What have you been up to during the pandemic?

I've been teaching a lot which has been really wonderful and strangely healing. It's inspiring to see so many young artists who have absolutely no doubt that our industry will return. It has selfishly provided me hope during this time. Like so many of my other colleagues, I spent the rest of the year throwing all of my energy into our state and local elections and trying to make sure I do my part to make sure we come back to a better industry than we left.

What inspired you to pursue a career in theatre?

I think I was always naturally a ham and extremely type A. Performance was a good way to merge the two. I did my first proper musical at 7, heard applause, fell in love and never looked back.

Who are some of your biggest inspirations?

This changes constantly depending on what I have just seen, but as a kid, it was Bernadette Peters. I watched the Into the Woods and Sunday in the Park with George videos over and over.

What was your most valuable learning experience from being in Beetlejuice?

If I am being fully honest, the greatest lesson of BJ is to never say never. The trajectory our show took could never have been predicted and each time we thought something couldn't happen for us, it did.

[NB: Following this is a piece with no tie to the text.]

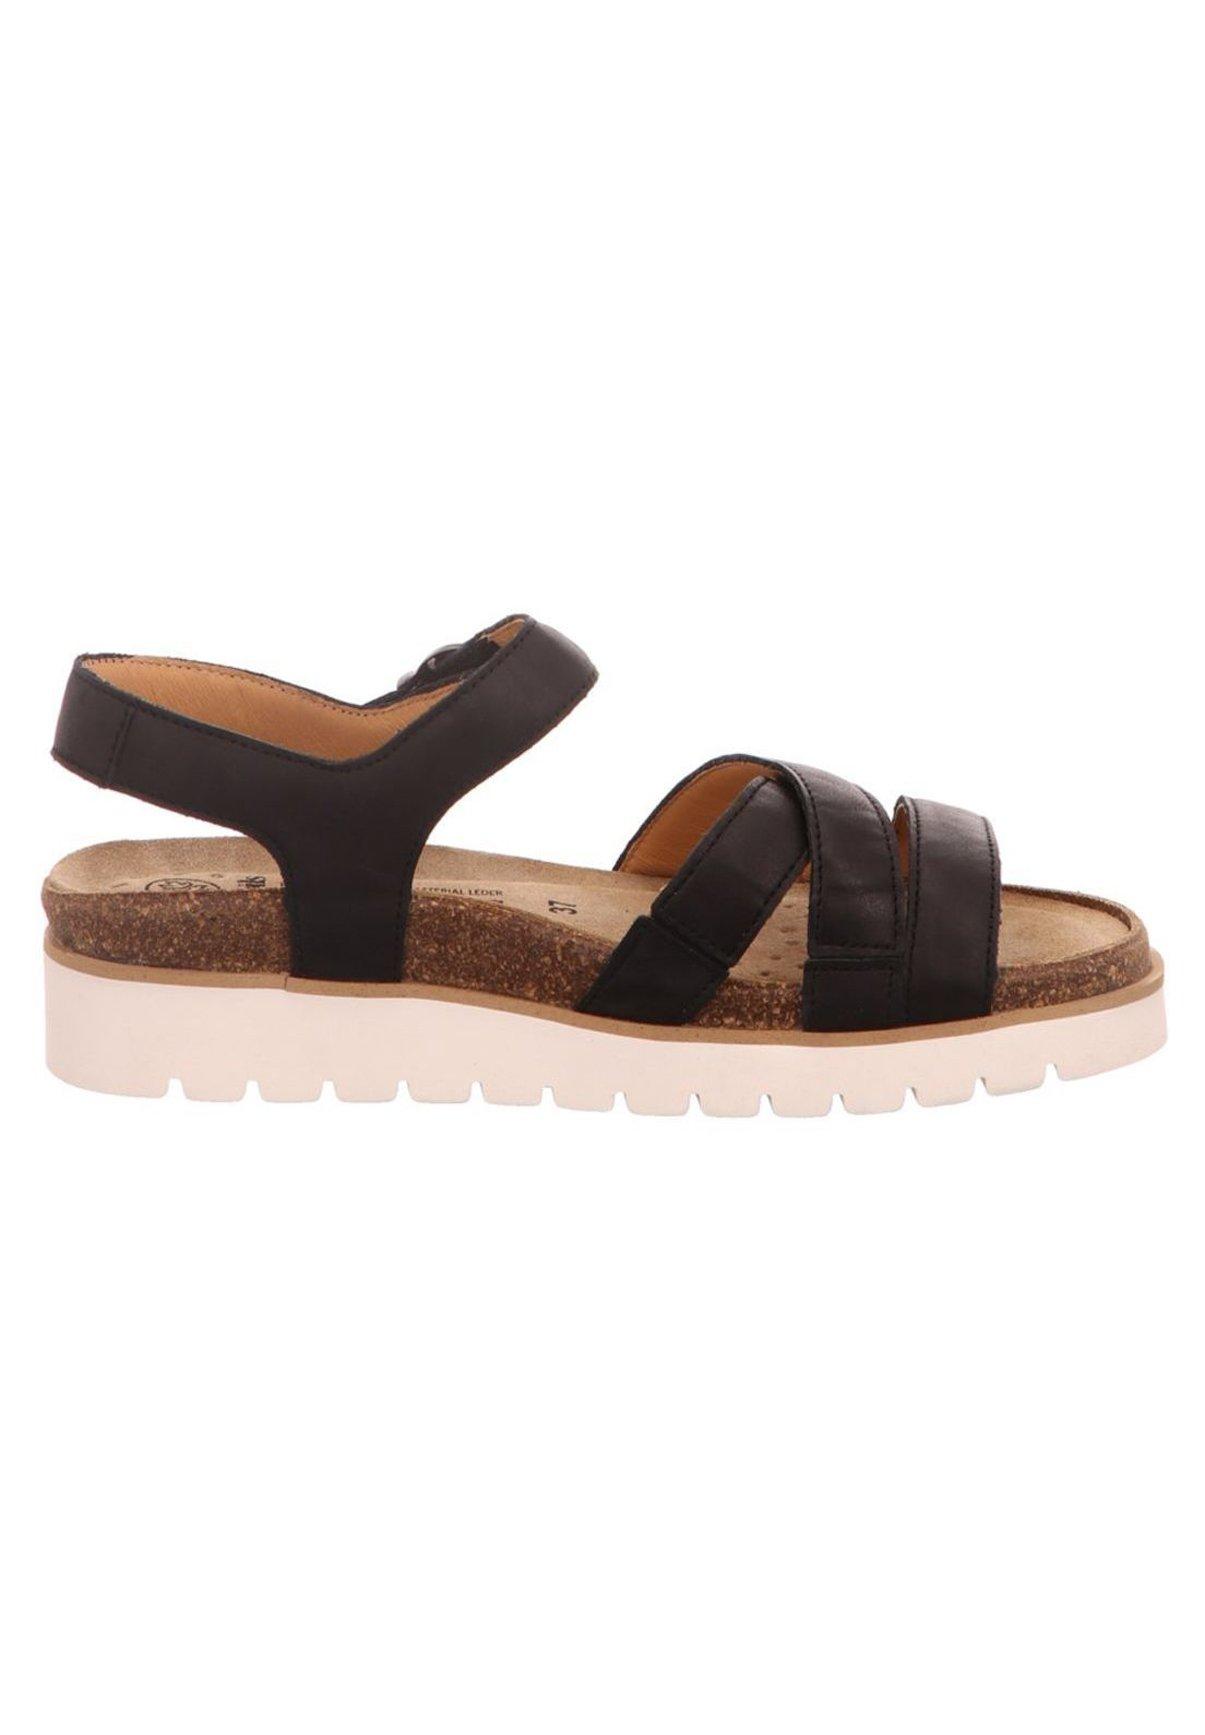 Mephisto Plateausandalette - black | Damen Schuhe 2020

It is the greatest example I can think of in regards to trusting the journey and just enjoying the moment.

Do you have any funny backstage stories from Beetlejuice?

It would truly be impossible to choose a story without incriminating somebody, but we had a great time backstage. We all really enjoy each other which is what made the show so special.

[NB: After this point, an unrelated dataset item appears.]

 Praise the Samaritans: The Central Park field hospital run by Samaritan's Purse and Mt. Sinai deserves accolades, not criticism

What was it like to perform at the Tony Awards and the Macy's Thanksgiving Day Parade?

For the TONY's, I've tried to describe this before, and the best way is that it's this sort of tangible energy of 120 performers' having their dream coming true at the exact same time. The sense of community is unreal. Each show is cheering the other because every performer knows it's like catching lightning in a bottle to be there.

The parade was genuinely the most exciting thing for our cast. We truly lost our minds. That was my first introduction to musicals as a kid and it was the coldest, earliest, best experience. You're on holiday schedule, so you've done like, 10 shows already that week, and your alarm goes off at 3:30am for your 4:45am wig time and you truly do not feel it because you're so excited.

What do you hope for the future of the theatre industry?

I hope for a more equitable, just and safe industry. I hope companies come together and hold each other accountable to the work we've all promised to continue doing. I hope we vow not only to protect and advocate for our current friends and colleagues, but to also make sure we address accessibility and start paving the way for future artists to enter a space that is better than the one we inherited.

What advice would you give to young performers?

Learn how to reframe the word "no" for yourself into "not this time." Remember that at the end of the day, all people in the room want to see is a piece of your heart and who you are. If you have done that, your audition will have been successful. Booking the job has so many factors that are beyond your control, but I promise, people remember a good, smart and grounded audition for other projects later.

Also, remember to take the work, but not yourself, seriously. Those are always the best people to work with.

If you could be in any technical or creative role, what would it be and why?

I love seeing someone new that totally blows me away, so I think I'd enjoy the casting process.

What is your dream role?

Of current shows right now, I'd love to do Anne Boleyn in SIX at some point in some company literally anywhere. But after this last year, my dream is to walk through any stage door and go to work, laugh with my castmates and have a shared experience with a live audience. It is something I will never take for granted.